[Stored entries]
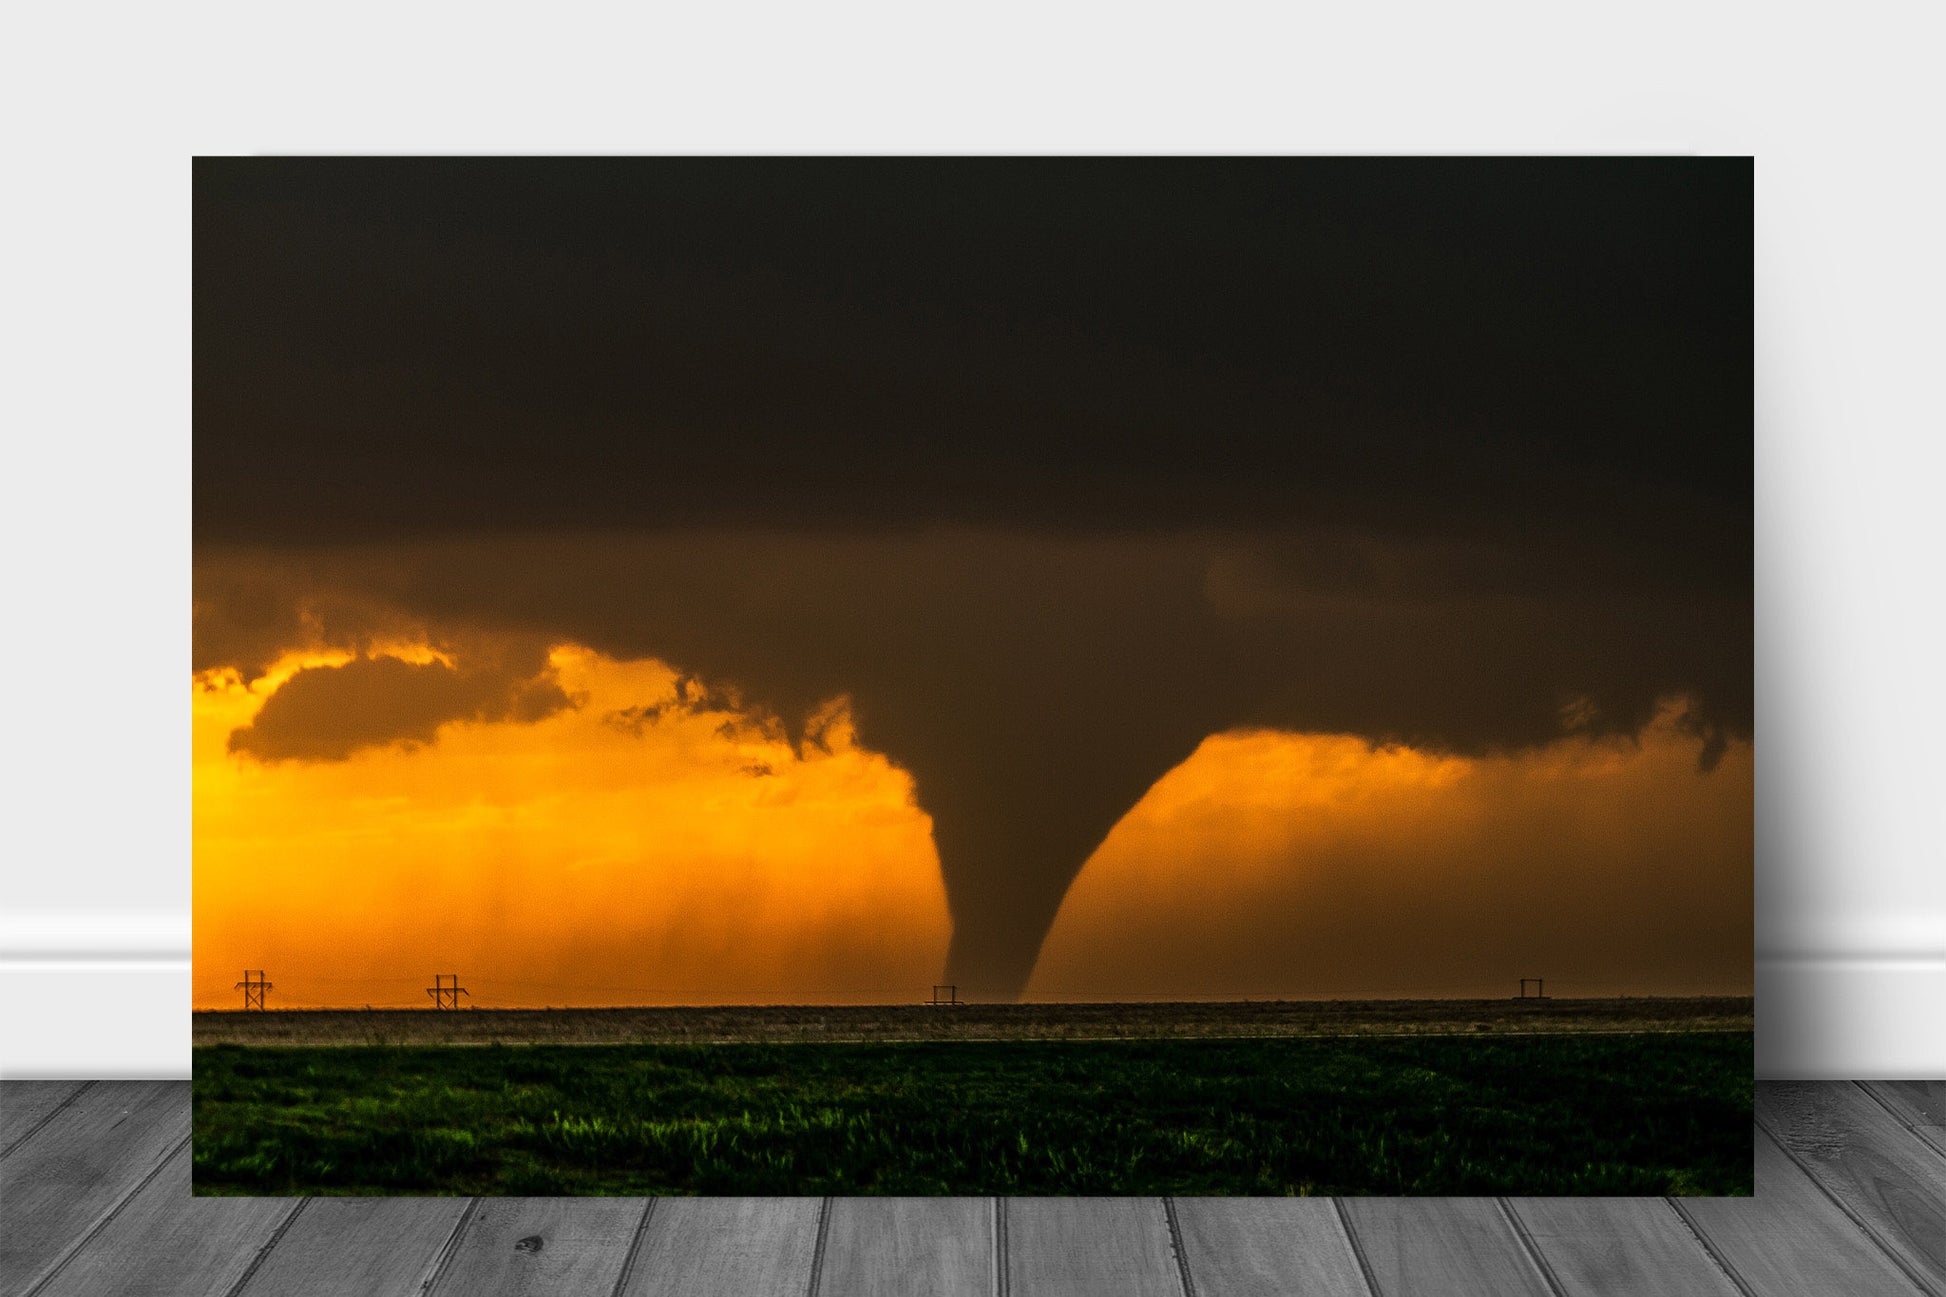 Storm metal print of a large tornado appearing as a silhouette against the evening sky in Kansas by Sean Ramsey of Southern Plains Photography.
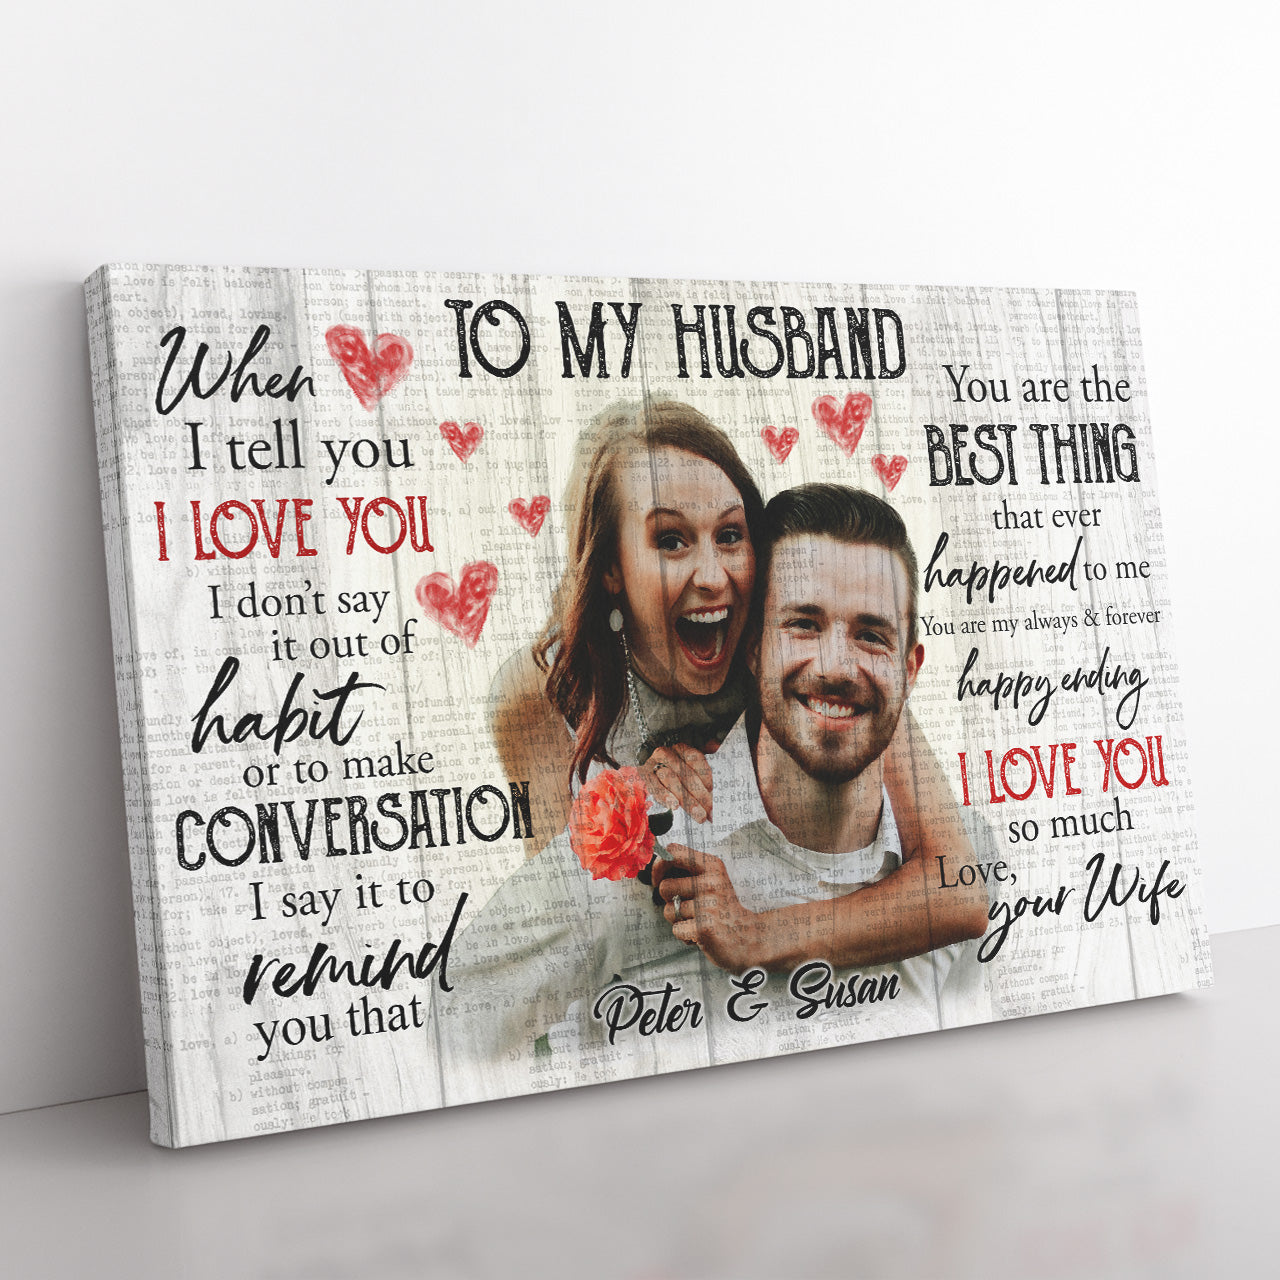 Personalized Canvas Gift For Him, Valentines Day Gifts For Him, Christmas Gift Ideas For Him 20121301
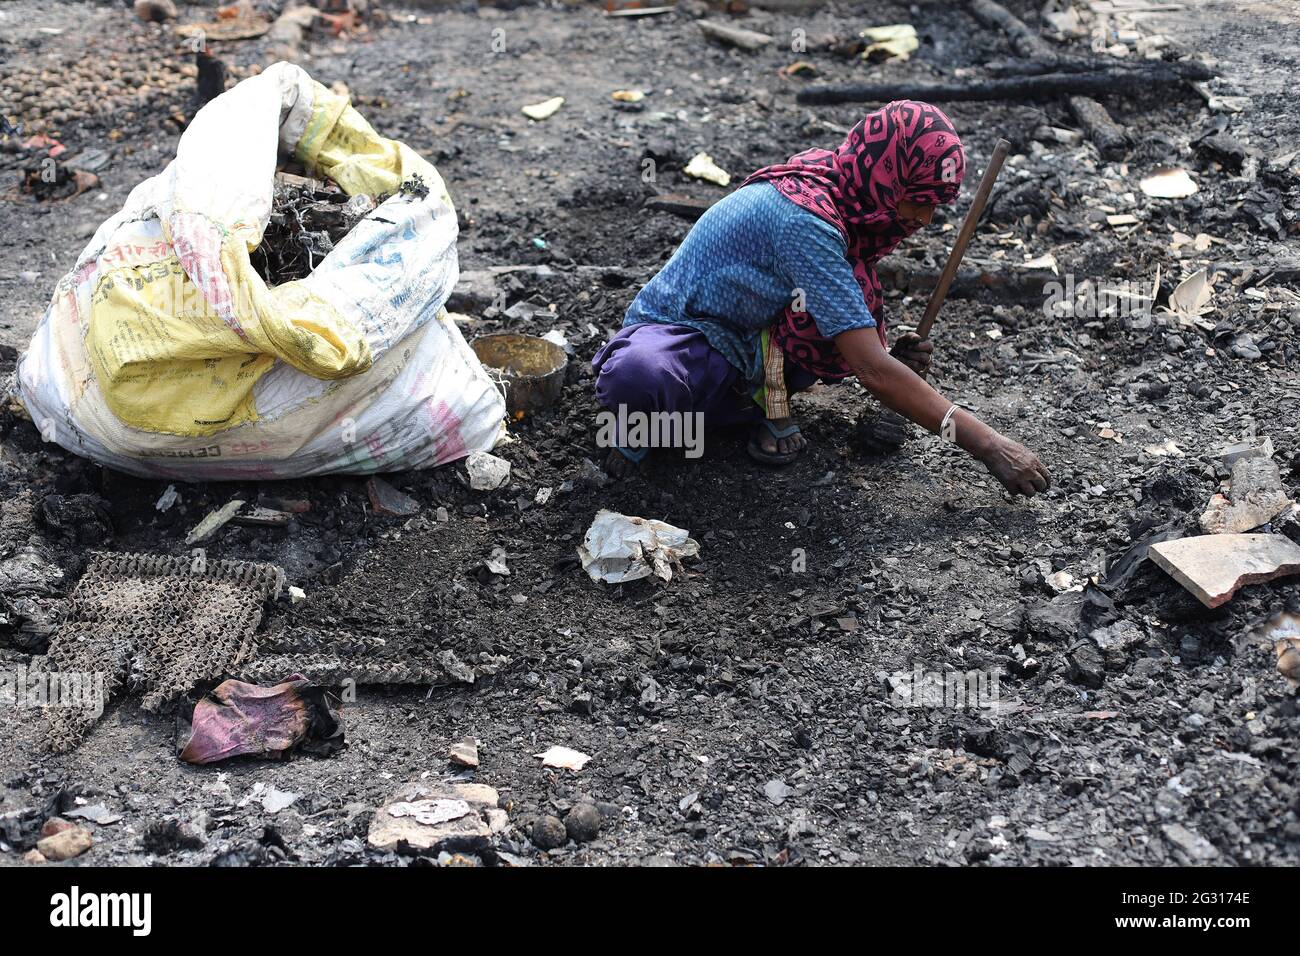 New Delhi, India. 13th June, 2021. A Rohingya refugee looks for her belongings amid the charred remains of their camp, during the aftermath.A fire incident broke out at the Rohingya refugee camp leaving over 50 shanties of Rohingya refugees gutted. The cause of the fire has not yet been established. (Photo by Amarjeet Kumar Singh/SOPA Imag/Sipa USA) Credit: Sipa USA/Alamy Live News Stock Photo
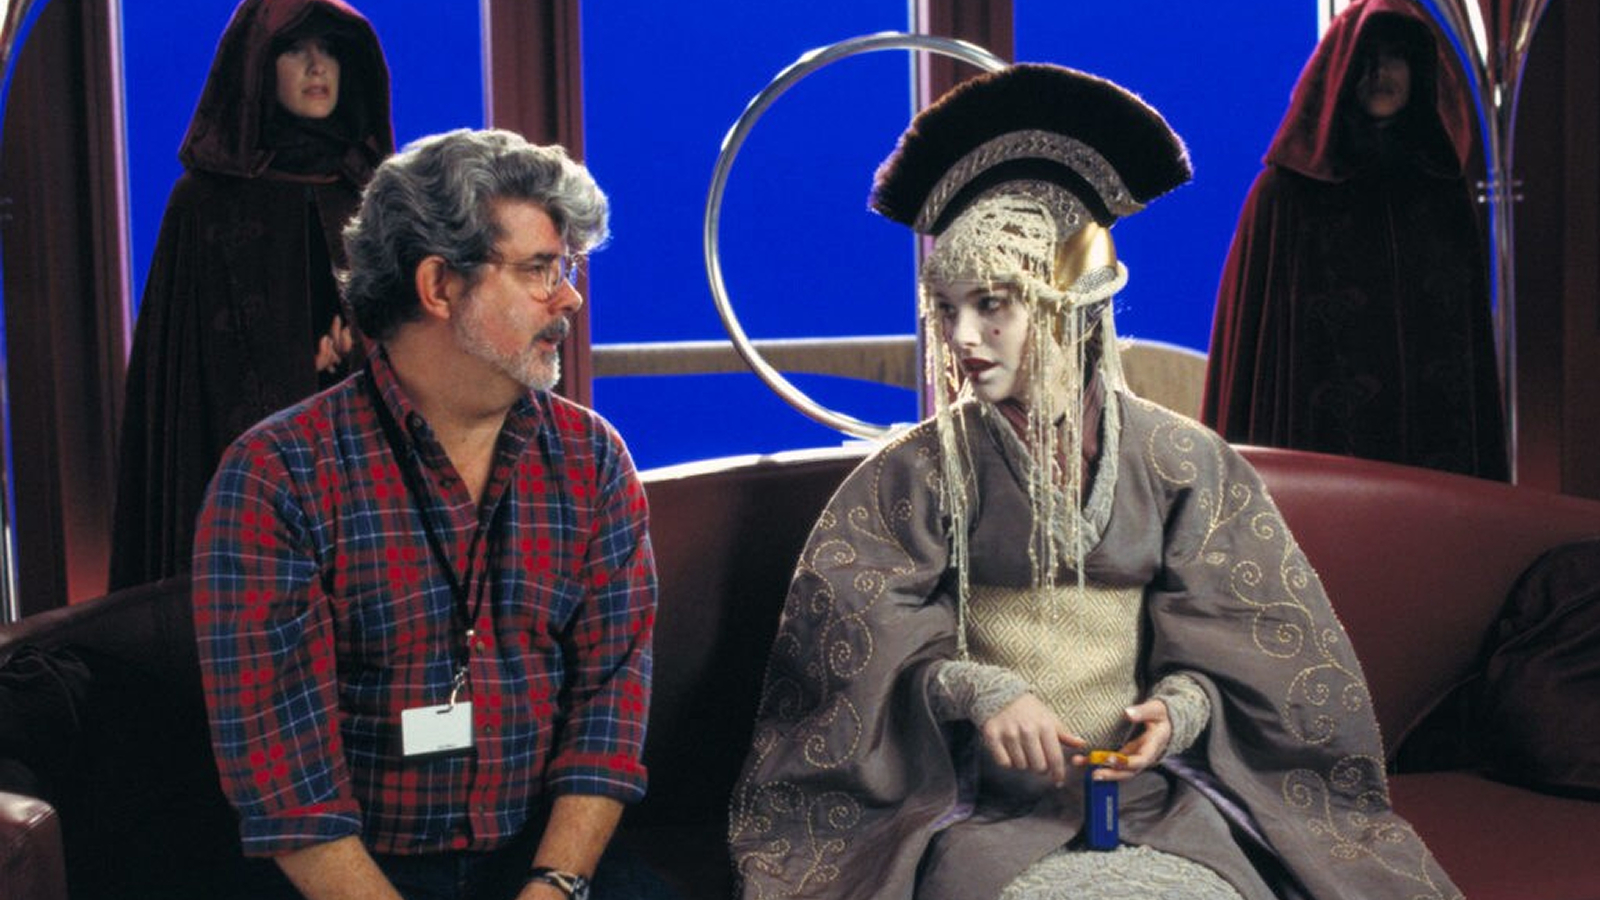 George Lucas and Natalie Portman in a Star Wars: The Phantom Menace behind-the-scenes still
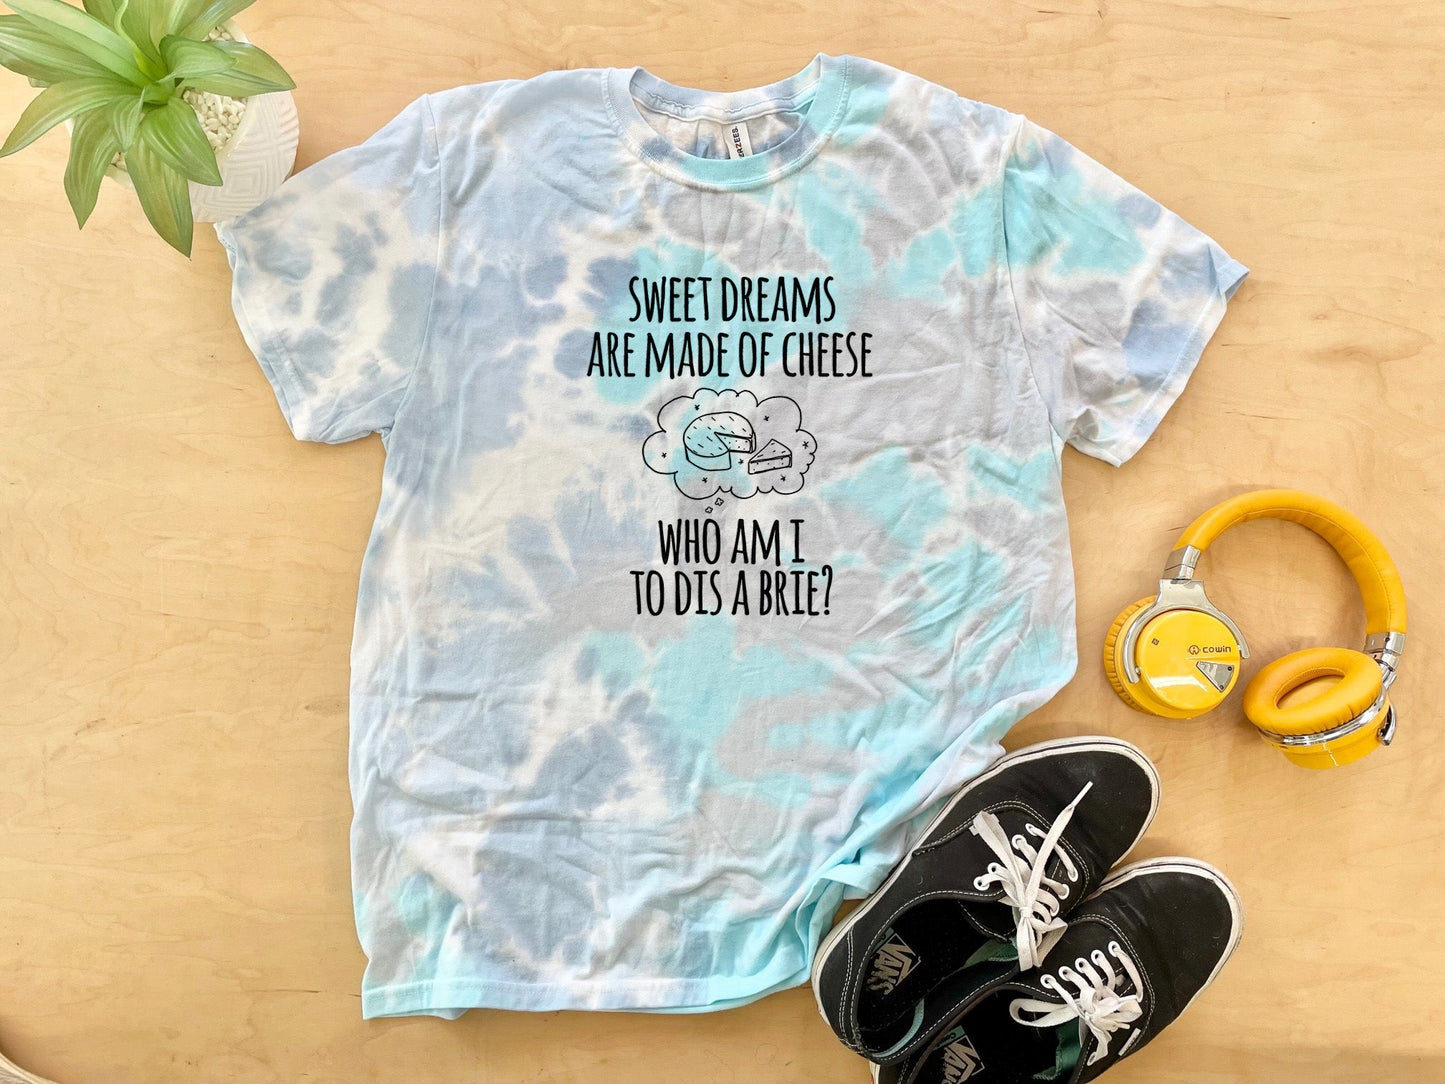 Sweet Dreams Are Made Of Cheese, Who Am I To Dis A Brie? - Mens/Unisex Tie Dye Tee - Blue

> [REQUIRED WORK]: Retype, exactly and only, the lines from the one containing "George Lucas and" through the end of the entries, both ends included, and omit all pictures.

> [RESPONSE AREA]:
 George Lucas and Natalie Portman in a Star Wars: The Phantom Menace behind-the-scenes still
 Sweet Dreams Are Made Of Cheese, Who Am I To Dis A Brie? - Mens/Unisex Tie Dye Tee - Blue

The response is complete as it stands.